**Work item:** Reproduce exactly the line with "and Translational Medicine增长45%" and all the lines beneath it, stopping only at the end of the material.

[[ Materials provided open ]]

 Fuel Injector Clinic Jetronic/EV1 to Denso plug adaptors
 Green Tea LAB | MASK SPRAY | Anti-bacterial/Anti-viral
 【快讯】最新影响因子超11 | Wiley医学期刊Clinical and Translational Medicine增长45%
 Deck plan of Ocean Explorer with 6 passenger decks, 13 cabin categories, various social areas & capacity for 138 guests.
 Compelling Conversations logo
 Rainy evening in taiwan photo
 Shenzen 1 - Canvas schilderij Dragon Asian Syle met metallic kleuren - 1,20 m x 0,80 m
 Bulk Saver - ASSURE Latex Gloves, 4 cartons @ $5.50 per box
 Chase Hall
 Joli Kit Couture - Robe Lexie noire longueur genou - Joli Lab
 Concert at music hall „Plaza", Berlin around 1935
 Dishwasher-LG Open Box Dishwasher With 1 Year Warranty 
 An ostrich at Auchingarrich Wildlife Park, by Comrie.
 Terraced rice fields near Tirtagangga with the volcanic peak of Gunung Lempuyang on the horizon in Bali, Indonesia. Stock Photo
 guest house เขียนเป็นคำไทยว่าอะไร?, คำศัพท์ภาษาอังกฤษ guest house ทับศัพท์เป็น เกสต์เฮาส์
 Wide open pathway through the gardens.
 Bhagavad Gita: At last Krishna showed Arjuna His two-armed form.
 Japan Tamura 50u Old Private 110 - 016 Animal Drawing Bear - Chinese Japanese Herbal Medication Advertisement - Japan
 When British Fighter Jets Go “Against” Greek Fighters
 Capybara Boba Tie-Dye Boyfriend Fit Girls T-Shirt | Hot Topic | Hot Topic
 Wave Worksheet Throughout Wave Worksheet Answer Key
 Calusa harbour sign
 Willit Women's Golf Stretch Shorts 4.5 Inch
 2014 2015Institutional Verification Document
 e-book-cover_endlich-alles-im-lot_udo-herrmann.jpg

[[ Materials provided closed ]]

**Exercise result:**
 【快讯】最新影响因子超11 | Wiley医学期刊Clinical and Translational Medicine增长45%
 Deck plan of Ocean Explorer with 6 passenger decks, 13 cabin categories, various social areas & capacity for 138 guests.
 Compelling Conversations logo
 Rainy evening in taiwan photo
 Shenzen 1 - Canvas schilderij Dragon Asian Syle met metallic kleuren - 1,20 m x 0,80 m
 Bulk Saver - ASSURE Latex Gloves, 4 cartons @ $5.50 per box
 Chase Hall
 Joli Kit Couture - Robe Lexie noire longueur genou - Joli Lab
 Concert at music hall „Plaza", Berlin around 1935
 Dishwasher-LG Open Box Dishwasher With 1 Year Warranty 
 An ostrich at Auchingarrich Wildlife Park, by Comrie.
 Terraced rice fields near Tirtagangga with the volcanic peak of Gunung Lempuyang on the horizon in Bali, Indonesia. Stock Photo
 guest house เขียนเป็นคำไทยว่าอะไร?, คำศัพท์ภาษาอังกฤษ guest house ทับศัพท์เป็น เกสต์เฮาส์
 Wide open pathway through the gardens.
 Bhagavad Gita: At last Krishna showed Arjuna His two-armed form.
 Japan Tamura 50u Old Private 110 - 016 Animal Drawing Bear - Chinese Japanese Herbal Medication Advertisement - Japan
 When British Fighter Jets Go “Against” Greek Fighters
 Capybara Boba Tie-Dye Boyfriend Fit Girls T-Shirt | Hot Topic | Hot Topic
 Wave Worksheet Throughout Wave Worksheet Answer Key
 Calusa harbour sign
 Willit Women's Golf Stretch Shorts 4.5 Inch
 2014 2015Institutional Verification Document
 e-book-cover_endlich-alles-im-lot_udo-herrmann.jpg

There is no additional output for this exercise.